**Exercise goal**
So that the copy stays text only, transcribe the data below exactly and exclude the images.

**Exercise data**
=======

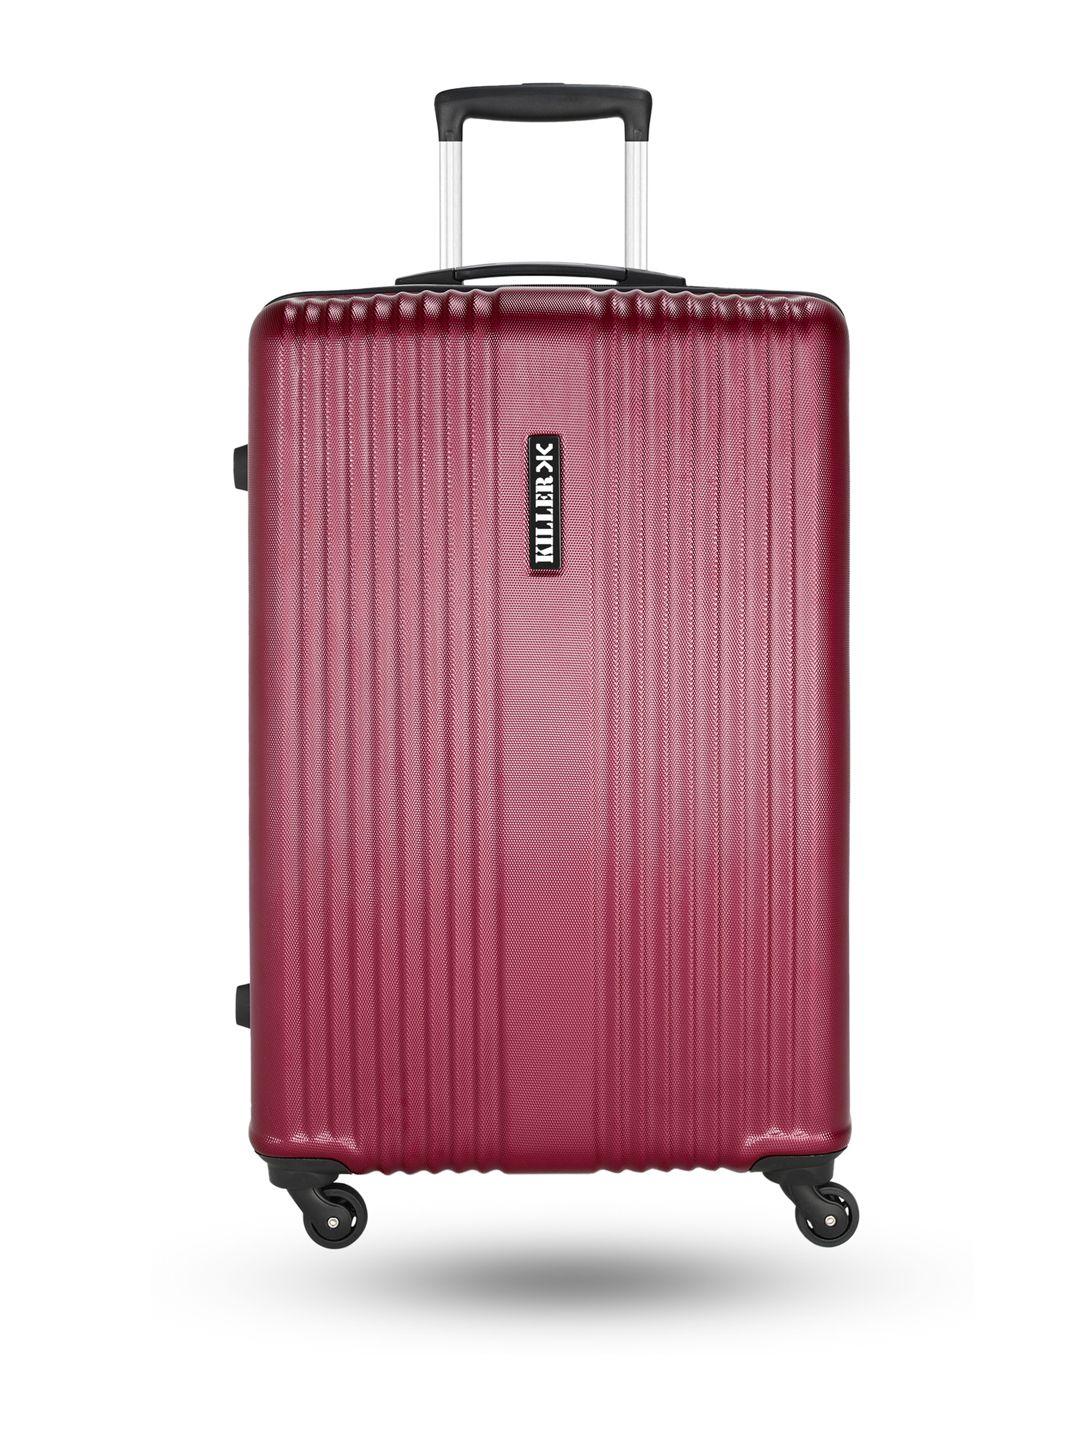 metronaut large check-in trolley suitcase
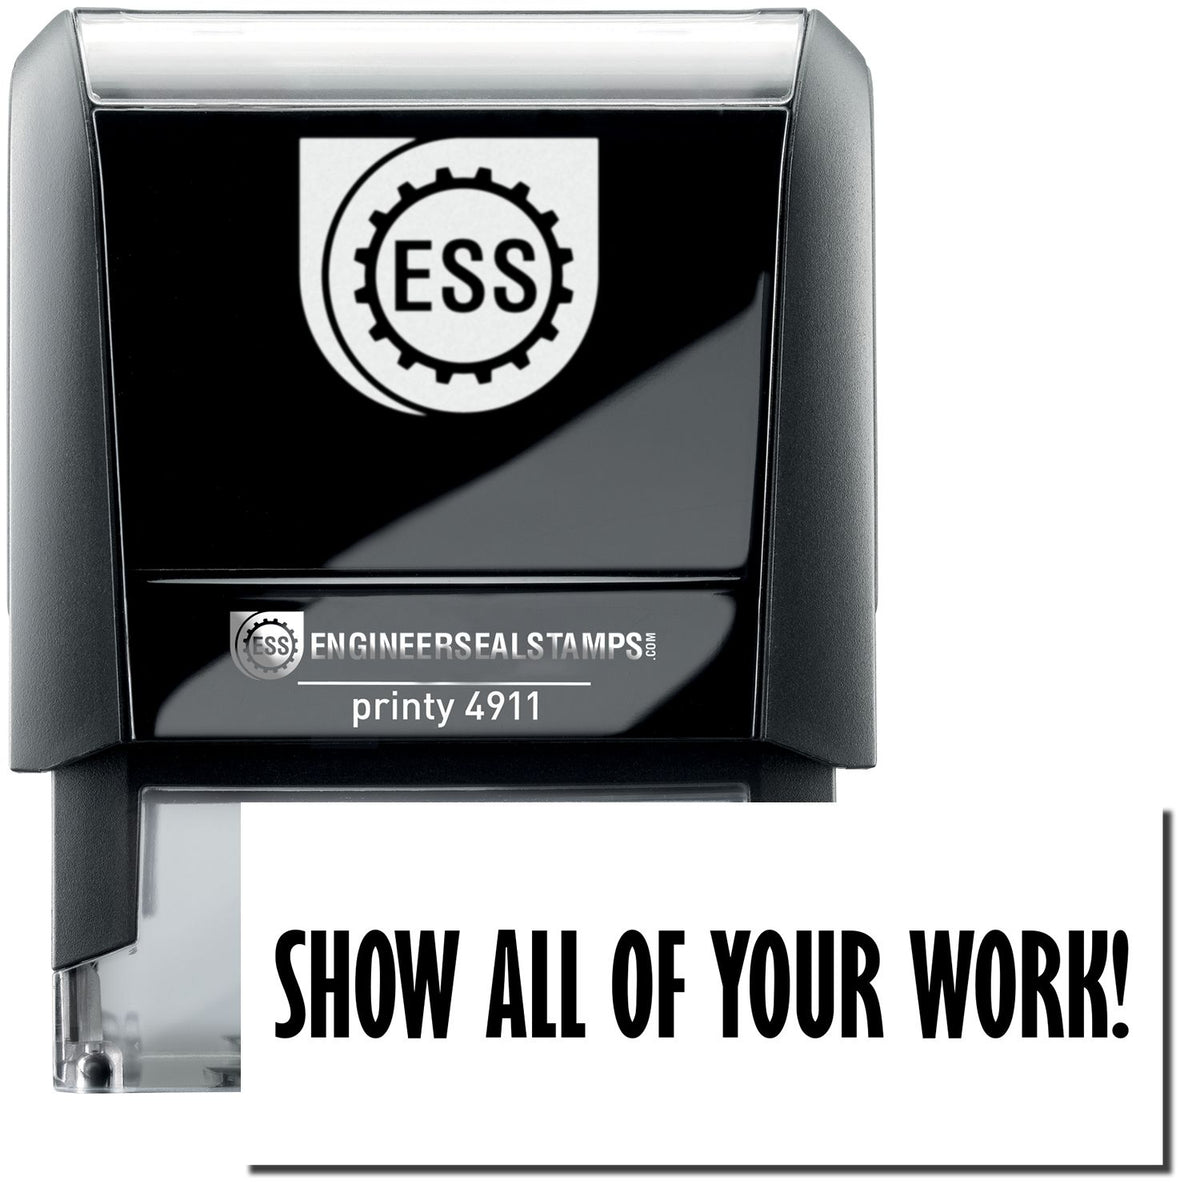 A self-inking stamp with a stamped image showing how the text &quot;SHOW ALL OF YOUR WORK!&quot; is displayed after stamping.
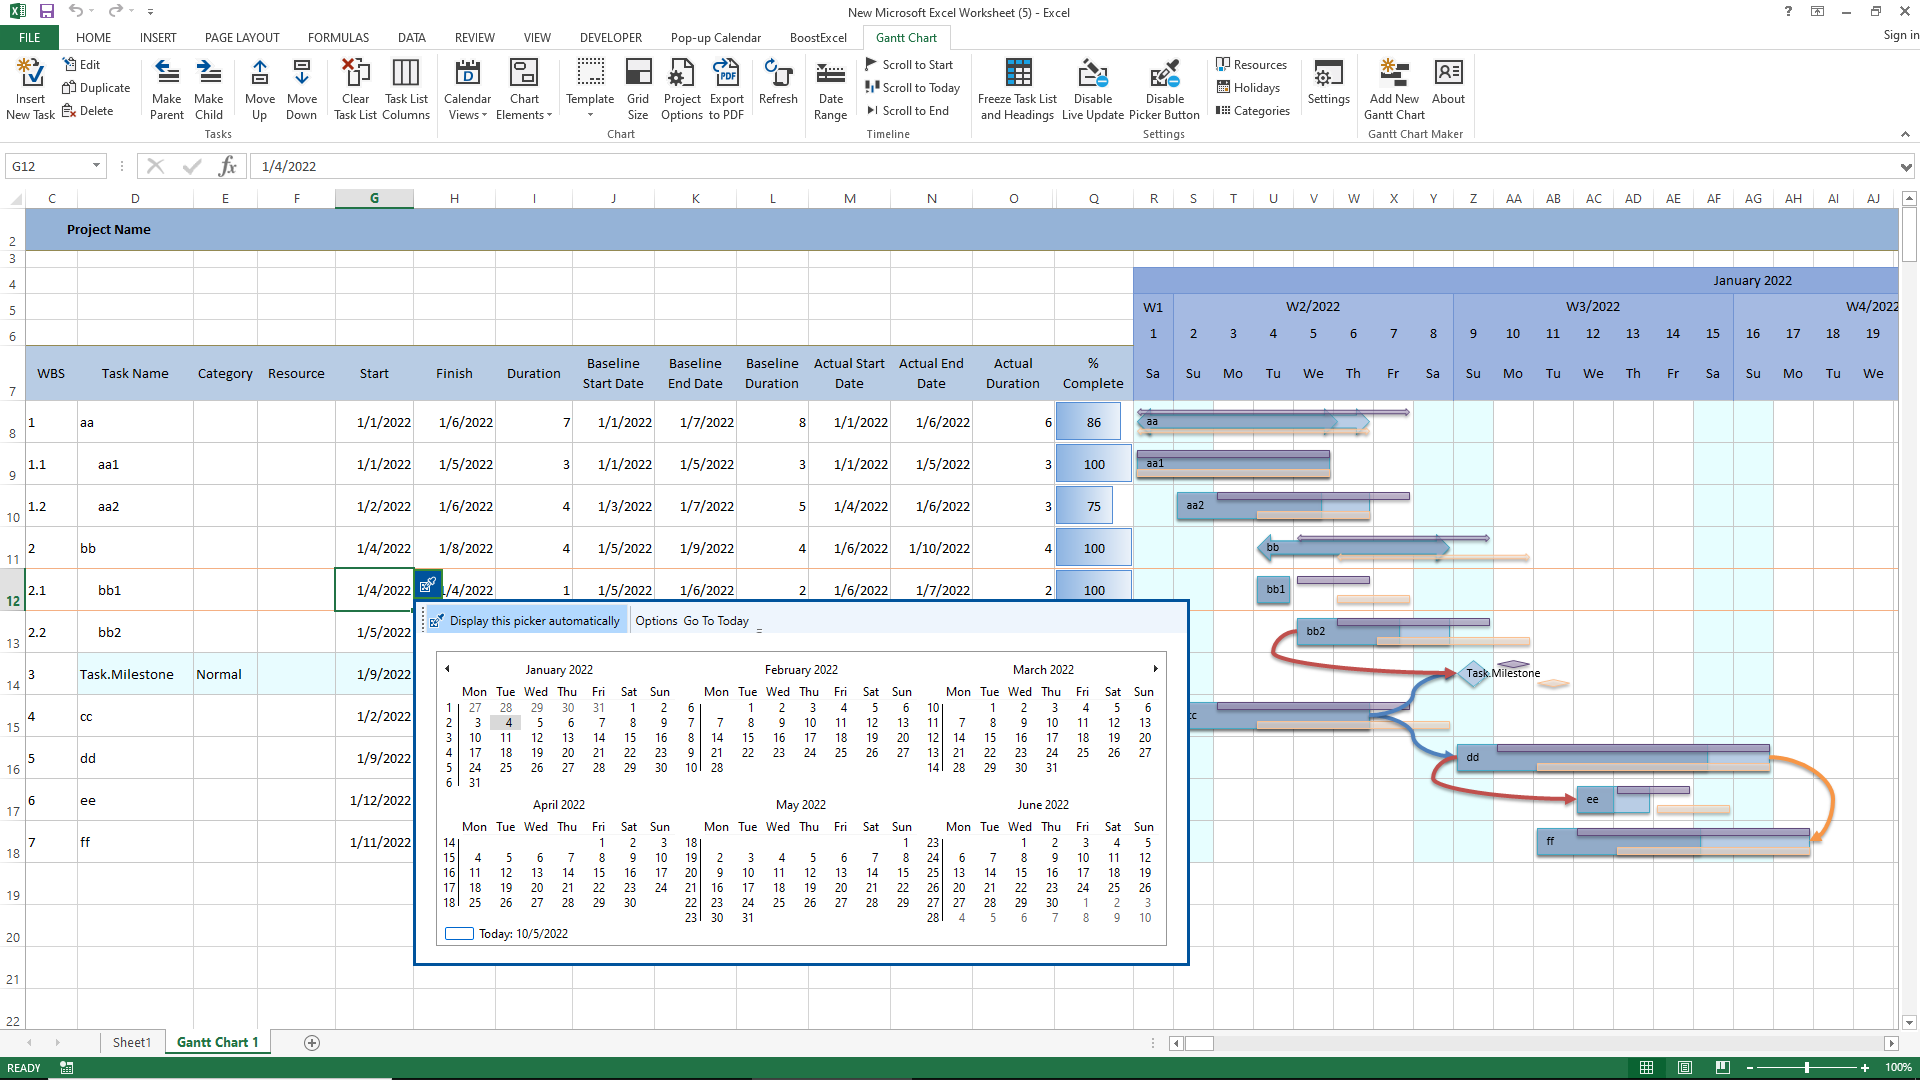 The main Excel window

=======

**Task answer**
 metronaut large check-in trolley suitcase
 A self-inking stamp with a stamped image showing how the text &quot;SHOW ALL OF YOUR WORK!&quot; is displayed after stamping.
 The main Excel window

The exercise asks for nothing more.